# How Is Work Calculated When Pushing a Box Up a Frictionless Ramp?

• chinnie15
In summary, to lift a 23kg box by a height of 1.0m, you would do 230J of work. If you choose to push the box up a 1.0m ramp at a 30 degree angle with no friction, you would need a force of 113N and the ramp would be 2m long. This results in the same amount of work being done, 230J, as the force and distance are still in the same direction with zero angle between them.
chinnie15

## Homework Statement

Suppose you lift a 23kg box by a height of 1.0m. How much work do you do in lifting the box?
230 J

Instead of lifting the box straight up, suppose you push it up a 1.0 -high ramp that makes a 30 degree angle with the horizontal. Being clever, you choose a ramp with no friction. How much force is required to push the box straight up the slope at a constant speed?
113N

How long is the ramp?
2m

Use your force and distance results to calculate the work you do in pushing the box up the ramp.
This is where I'm having trouble!

W=Fdcosθ

## The Attempt at a Solution

I plugged what I already got into the above equation, and got the answer of 195J. However, it's telling me the answer is 230J? But how? Isn't that why they had me find F and d?

Thank you for any help!

All your work is correct apart from the value for cosθ.
What is the angle between the force acting up the ramp and the displacement up the ramp?

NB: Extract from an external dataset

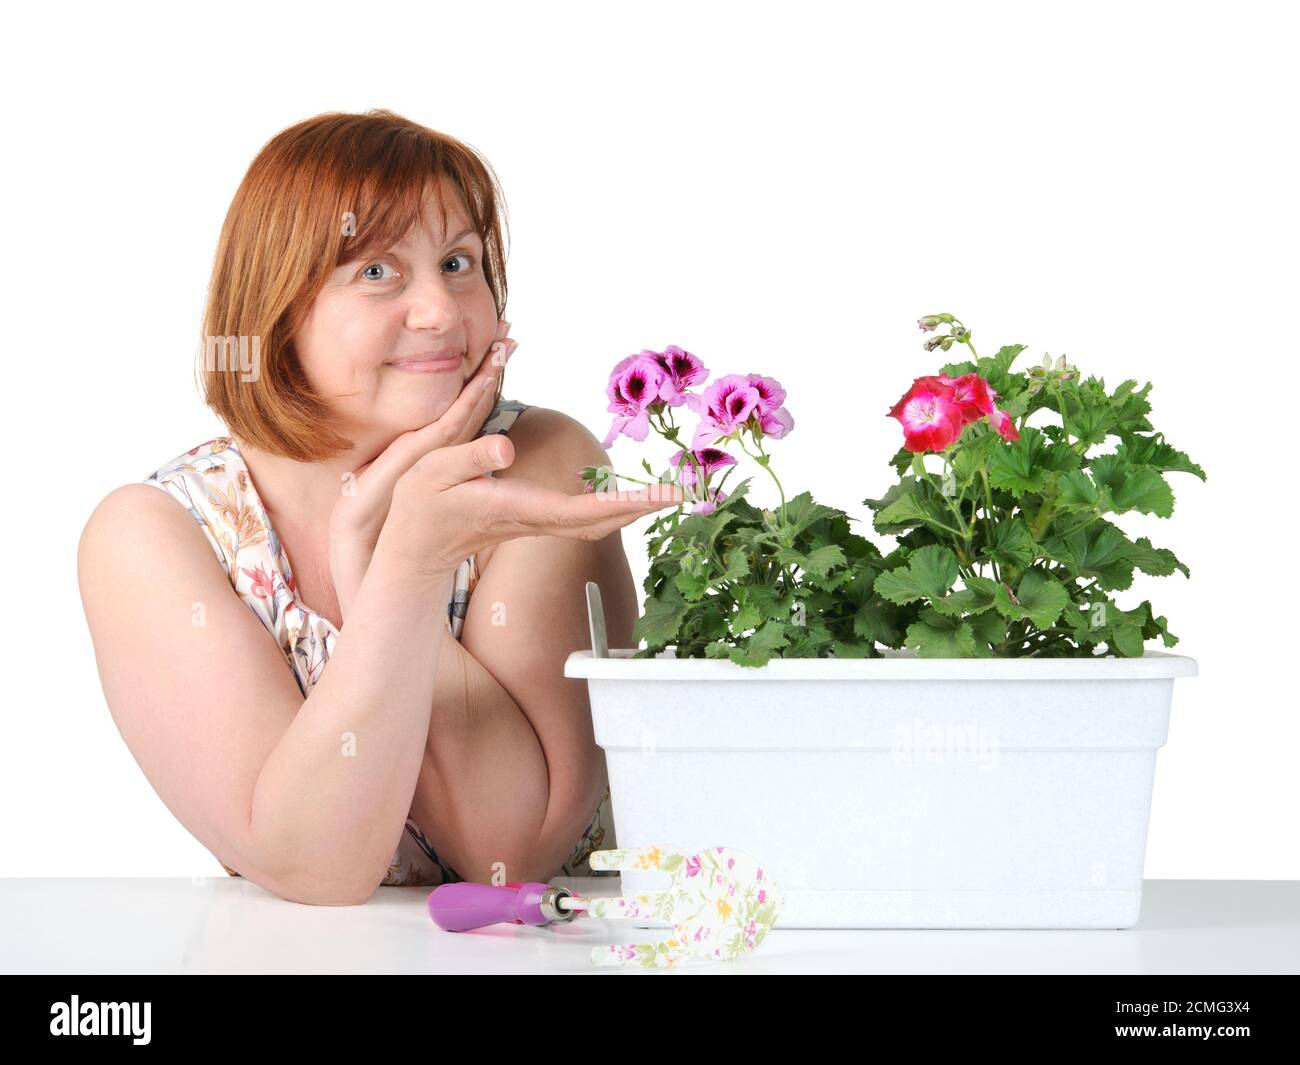 Portrait of a middle-aged woman showing a houseplant. Stock Photo
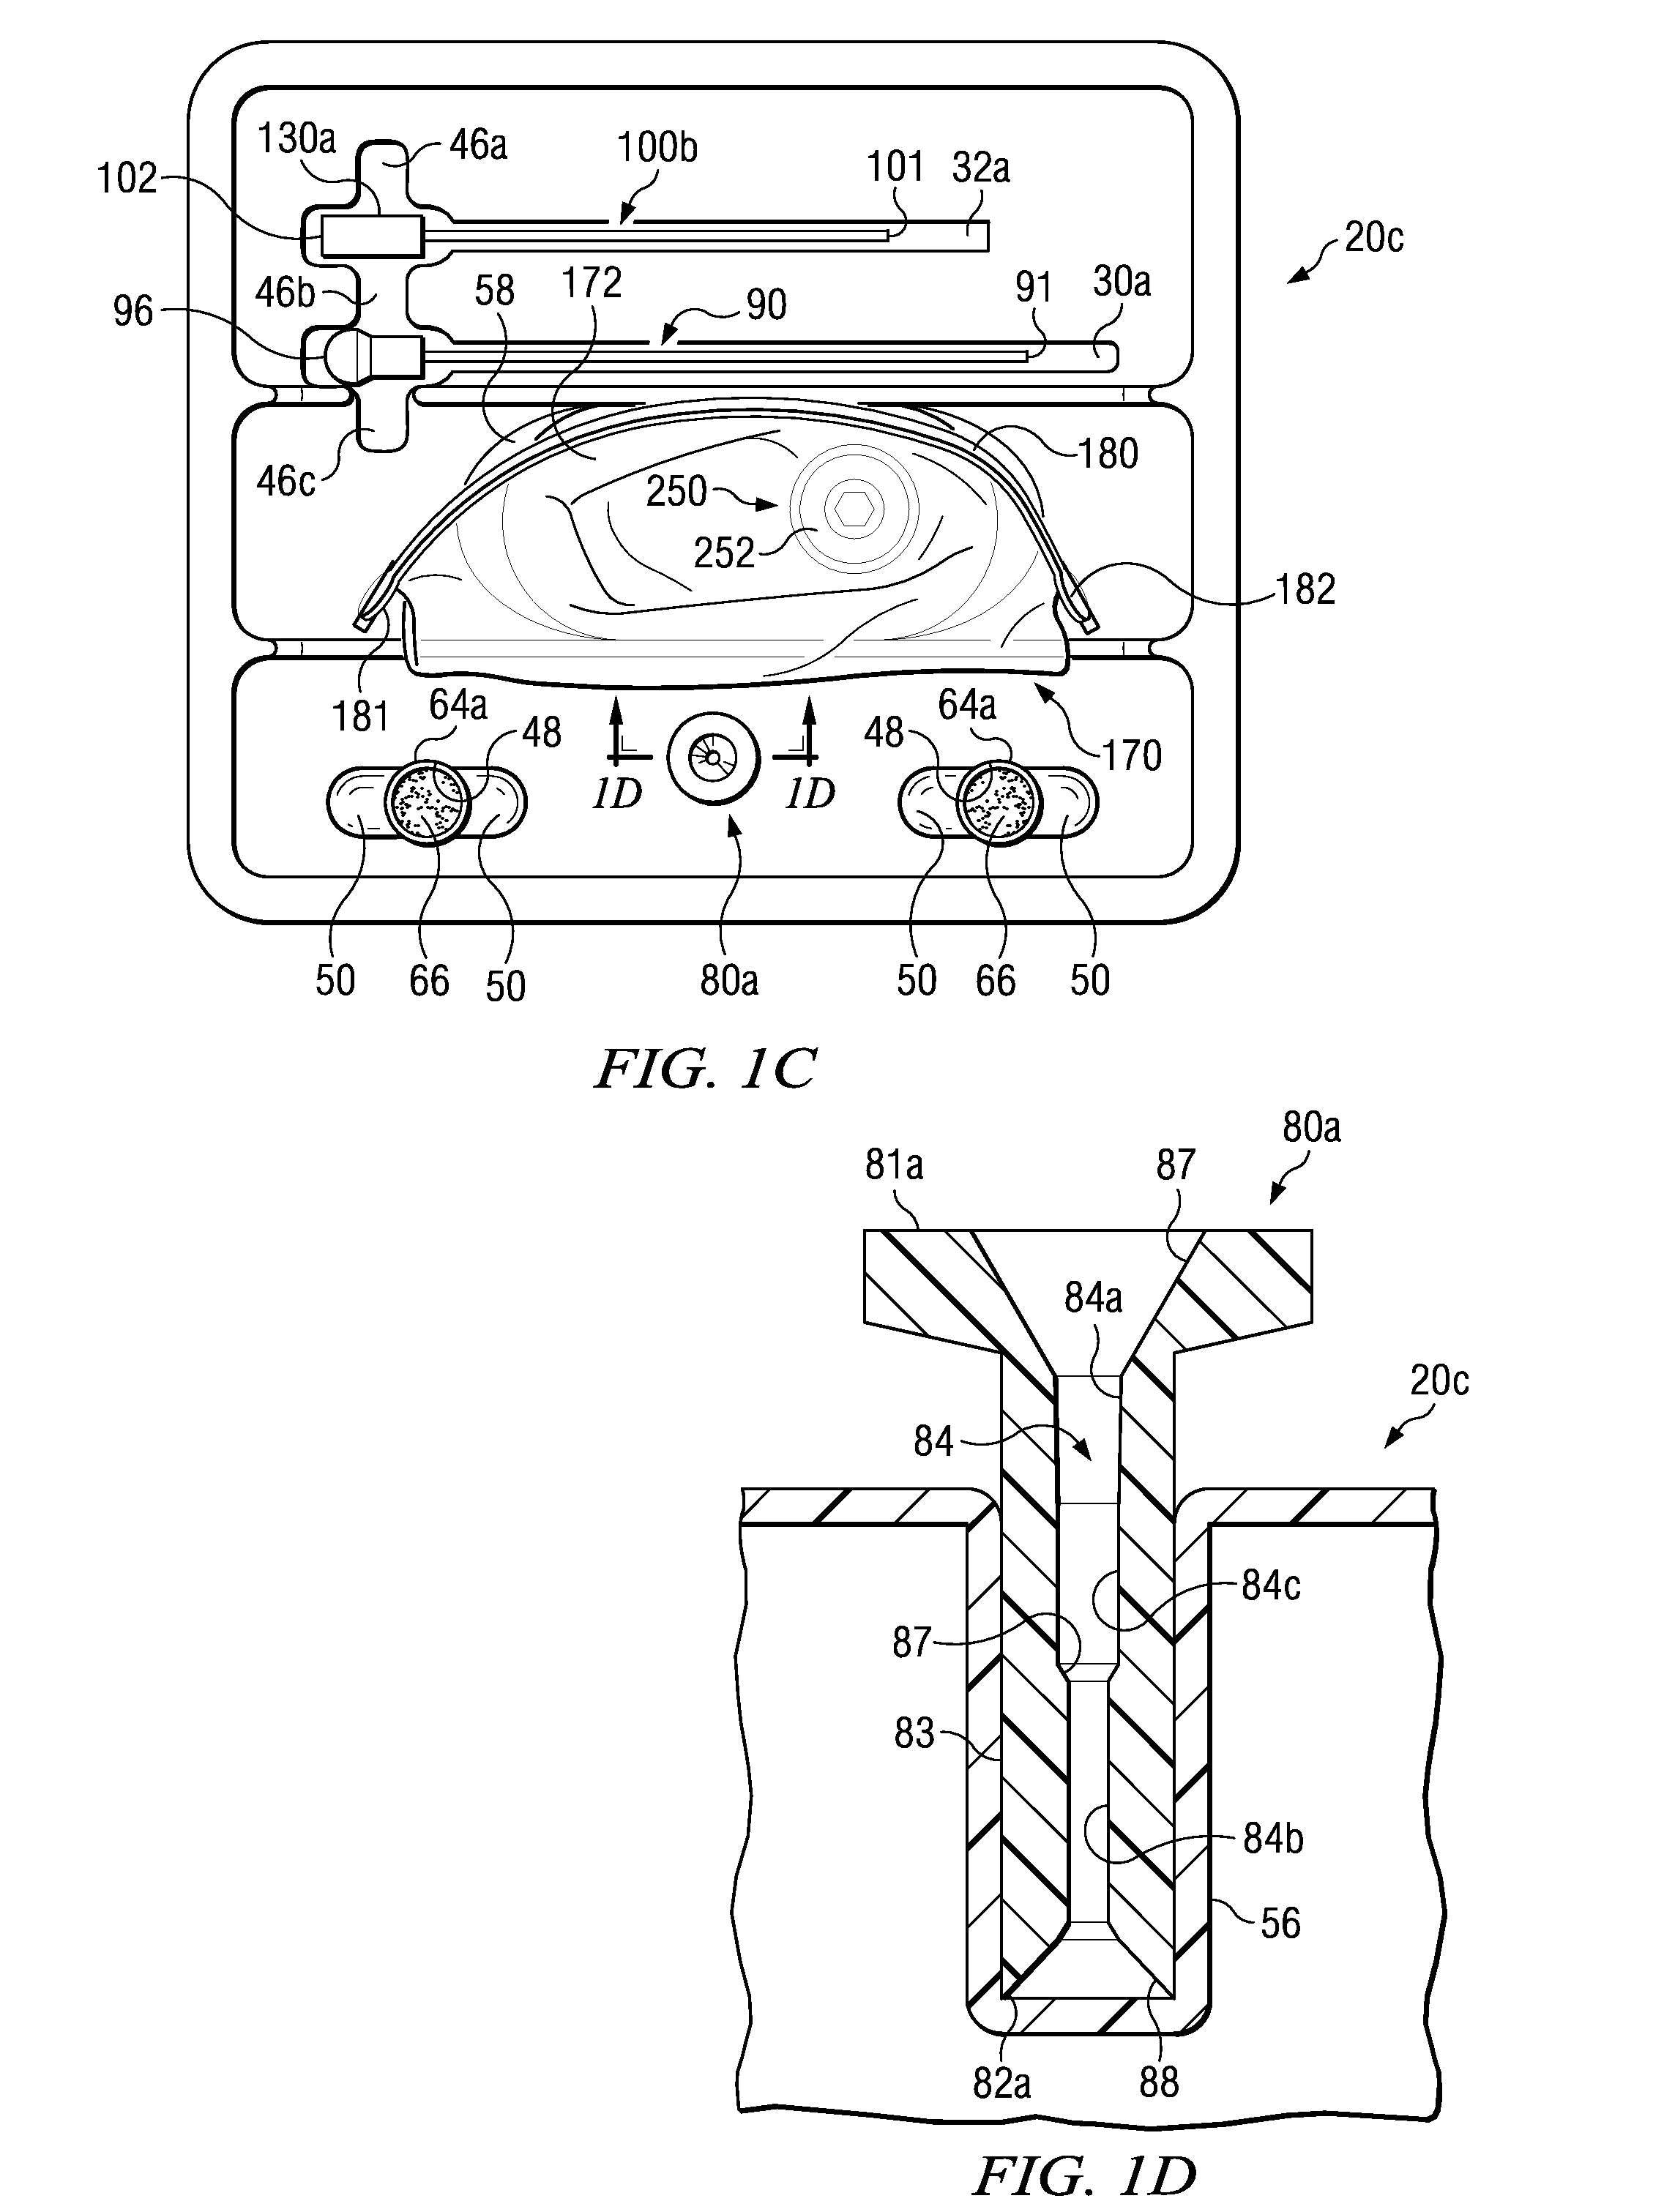 Biopsy Devices and Related Methods

I'm sorry, I really don't know. What angle between the force and displacement? I thought that was the 30 degrees.

chinnie15 said:
W=Fdcosθ
In that formula, θ is the angle between the force and the distance through which it acts. You must resist the temptation to think "this formula needs an angle, I have an angle, so I'll put in the formula".
The force in this case is in which direction?
The distance the box moves is in which direction?
What is the angle between those two directions? (Hint: it isn't much.)

When you push the box along the ramp then the force you apply and the displacement of the box are both along the ramp. So the angle between them is zero, not 30°

Ohh, ok, I got it now, thanks! :) I wasn't even thinking about that. Like haruspex said, I thought it was 30 degrees because I thought that's what it was referring to.

@ haruspex:
The force is to the right.
And the displacement of the box is to the right.
So, the angle between them must be zero?

So, in other words, the angle is zero regardless that it's on a ramp, because the force applied to the box wasn't at an angle to the box? I hope I said that right.

chinnie15 said:
The force is to the right.
And the displacement of the box is to the right.
So, the angle between them must be zero?
Need to be more precise than that. The direction of the force (as you have calculated it) is directly up the slope of the ramp. The direction of movement is also in exactly that direction. So, yes, the angle between is zero.
Note that the pusher could have pushed in a different direction, horizontally, say. You would now calculate a larger force (because it would increase the normal force from the ramp). If there were friction then this would mean it would take more energy to move the box up the ramp. But since there is no friction, the component of the force up the ramp is unchanged:
A)
force directly up ramp = 113N
distance moved = 2m
angle between = 0
work done = 113*2 cos(0) = 226Nm
B)
horizontal force = 113N / cos(30)
distance moved = 2m
angle between = 30 degrees
work done = (113/cos(30))*2* cos(30) = 226Nm

## 1. What is the purpose of pushing a box up a ramp?

The purpose of pushing a box up a ramp is to use the inclined plane to reduce the amount of force needed to lift the box vertically. This makes it easier to move the box to a higher level.

## 2. How does the force needed to push the box up the ramp compare to the force needed to lift it straight up?

The force needed to push the box up the ramp is less than the force needed to lift it straight up. This is because the ramp allows the force to be spread out over a longer distance, making it easier to move the box.

## 3. Is it easier to push a heavy box up a steeper ramp or a less steep ramp?

It is easier to push a heavy box up a less steep ramp. This is because a steeper ramp requires more force to lift the box against gravity.

## 4. What factors affect the amount of force needed to push a box up a ramp?

The amount of force needed to push a box up a ramp is affected by the weight of the box, the angle of the ramp, and the coefficient of friction between the box and the ramp.

## 5. How does the length of the ramp affect the force needed to push the box up?

The longer the ramp, the less force is needed to push the box up. This is because the longer ramp allows the force to be spread out over a greater distance, making it easier to move the box.